Крупнейший художник из тех, кто выжил в ГУЛАГе, Борис Свешников (1927—1998)1 сделал эти образы центральными для своего творчества. За восемь лет своей работы в лагере под Ухтой (1946—1953) и последовавшие за освобождением сорок пять лет работы в Москве Свешников создал поразительные рисунки и картины, свидетельствующие о ГУЛАГе и о советском опыте. Хотя Свешников попал в лагерь девятнадцатилетним, его понимание того, что произошло с ним и с его страной, было поразительно зрелым. В одном из лагерных рисунков власть изображена как огромная бритва, бреющая город. В правом углу бритый суверен довольно, как Нарцисс, смотрит на свое отражение в зеркале. Бритье — символ того, как государство обращается с гражданами, обрекая их на голую, мучимую жизнь. Композиция рисунка делает его похожим на комикс или икону, которые наглядно демонстрируют последовательное развитие событий. Пока рука суверена бреет город, в другой части рисунка его жители раздеваются и готовятся к худшему, а дальше метла уже подметает человеческие останки. На более глубоком уровне в рисунке Свешникова можно увидеть сатиру на гоббсовского суверена, который обращается с подданными-жертвами так, как если бы они были волосками его бороды. По желанию суверена этот человеческий мусор можно сбрить с тела государства.
Некоторые из лагерных рисунков Свешникова излучают чистый ужас. На одном из них люди-крысы производят таинственные эксперименты над женщинами в некой тюрьме или лаборатории, которая очень похожа на лагерную. Здесь напрашивается сравнение со знаменитым комиксом «Маус» Арта Шпигельмана{185}, только у Шпигельмана жертвы Холокоста изображены как мыши, а их палачи — как кошки. У Свешникова крысы — наоборот, палачи.
Свешников был арестован в девятнадцать лет, когда его сокурсник показал на следствии, что собирается убить Сталина. Художник провел восемь лет в северном лагере и был уже доходягой, когда случай спас ему жизнь. Проверять его лагерь приехал фельдшер Аркадий Штейнберг, отбывавший уже второй срок офицер, поэт и переводчик. Фронтовик, имевший военные награды, Штейнберг провел в лагере
одиннадцать лет; там он прошел обучение и стал фельдшером. Люди этой опасной, но дававшей жизнь и власть профессии иногда сочувствовали интеллектуалам; лагерные врачи спасли и Варлама Шаламова, и Александра Солженицына{186}. На стенах госпиталя, которым командовал Штейнберг, висели репродукции картин его любимых голландских и итальянских художников. Восстановив силы в этом госпитале, Свешников с помощью Штейнберга получил работу ночного сторожа. Это дало ему возможность выжить и время работать над картинами, которые он писал на больничных простынях. Чернила ему привозили родители, раз в год приезжая в лагерь на свидания, а масляные краски лагерное начальство выдавало для оформления пропагандистских лозунгов{187}. После освобождения Свешникова многие его лагерные работы вывез из лагеря привилегированный заключенный-латыш; потом американский коллекционер переправил их за океан.

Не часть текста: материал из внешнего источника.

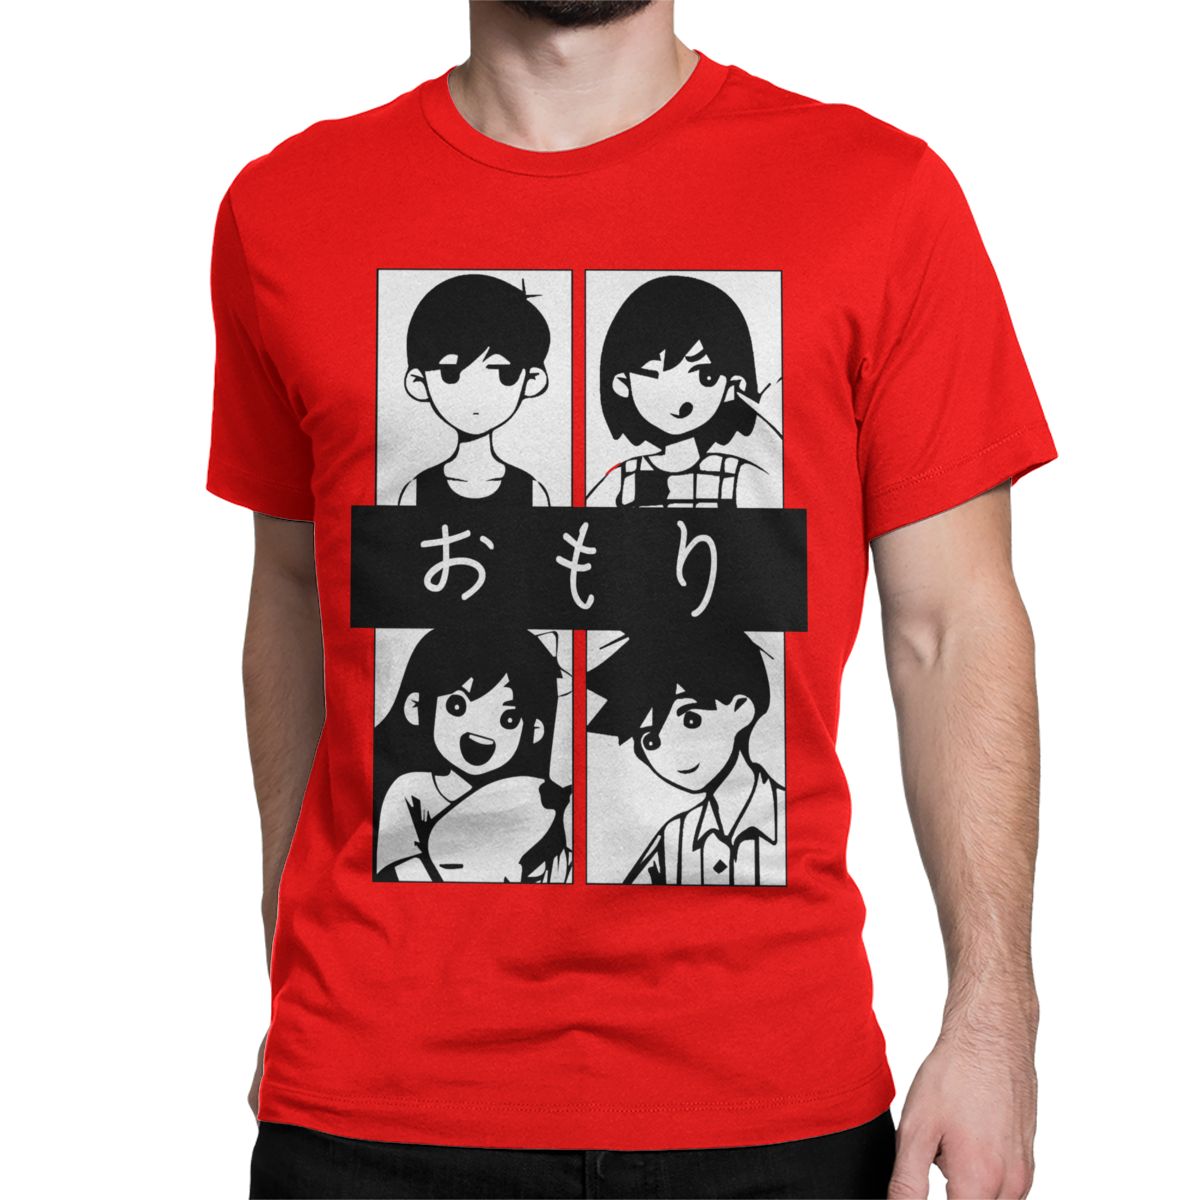 Shop in Style: Get Official Omori Merchandise from the Store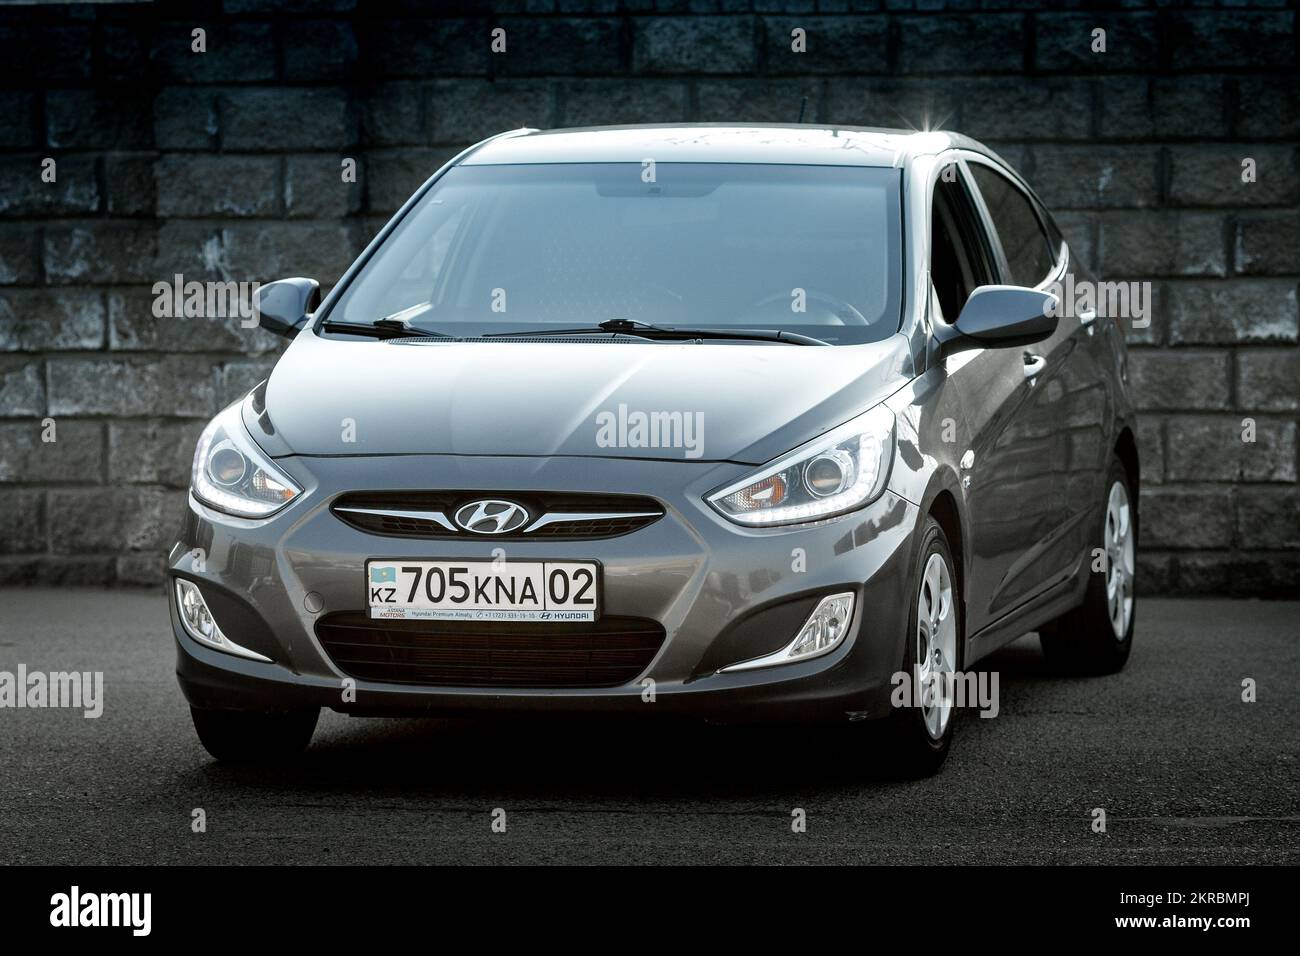 https://c8.alamy.com/comp/2KRBMPJ/hyundai-accent-in-grey-color-with-almaty-car-number-front-view-2KRBMPJ.jpg

В результате этого подвига космополитичной памяти сотни работ Свешникова хранятся в Музее искусств имени Зиммерли университета Ратгерс (Нью-Брунсвик, США){188}.
Одна из картин представляет лагерный опыт в поразительно необычном свете. Перед нами драматическое противостояние двоих мужчин. Один из них куда-то — возможно, на работу или для участия в некоем эксперименте — ведет другого. Крест на его одеждах делает его похожим на монаха или священника. Руки первого мужчины изогнуты в странном жесте, который выдает сомнение и напряженность, как будто он заламывает руки в мольбе или отчаянии. Этот жест видим мы, но не видит второй, ведомый мужчина. Тот движется скованно, словно его готовятся принести в жертву против его воли. Ведущий смотрит на ведомого с печалью. Лицо жертвы спокойно, он уже не противится судьбе. Его одежда оставляет обнаженной спину и зад, придавая изображению некий эротизм. Если представить, что и первый мужчина одет так же, получается, что ведомый смотрит на обнаженный зад идущего перед ним. Они смотрят друг на друга, а мы — на них, пытаясь понять,
что же происходит на картине. Фигуры написаны на фоне северного пейзажа, напоминающего лагерь, в котором был заключен Свешников. Этот лагерь, холодный, бесчеловечный и странным образом прекрасный, известен нам по многим рисункам художника.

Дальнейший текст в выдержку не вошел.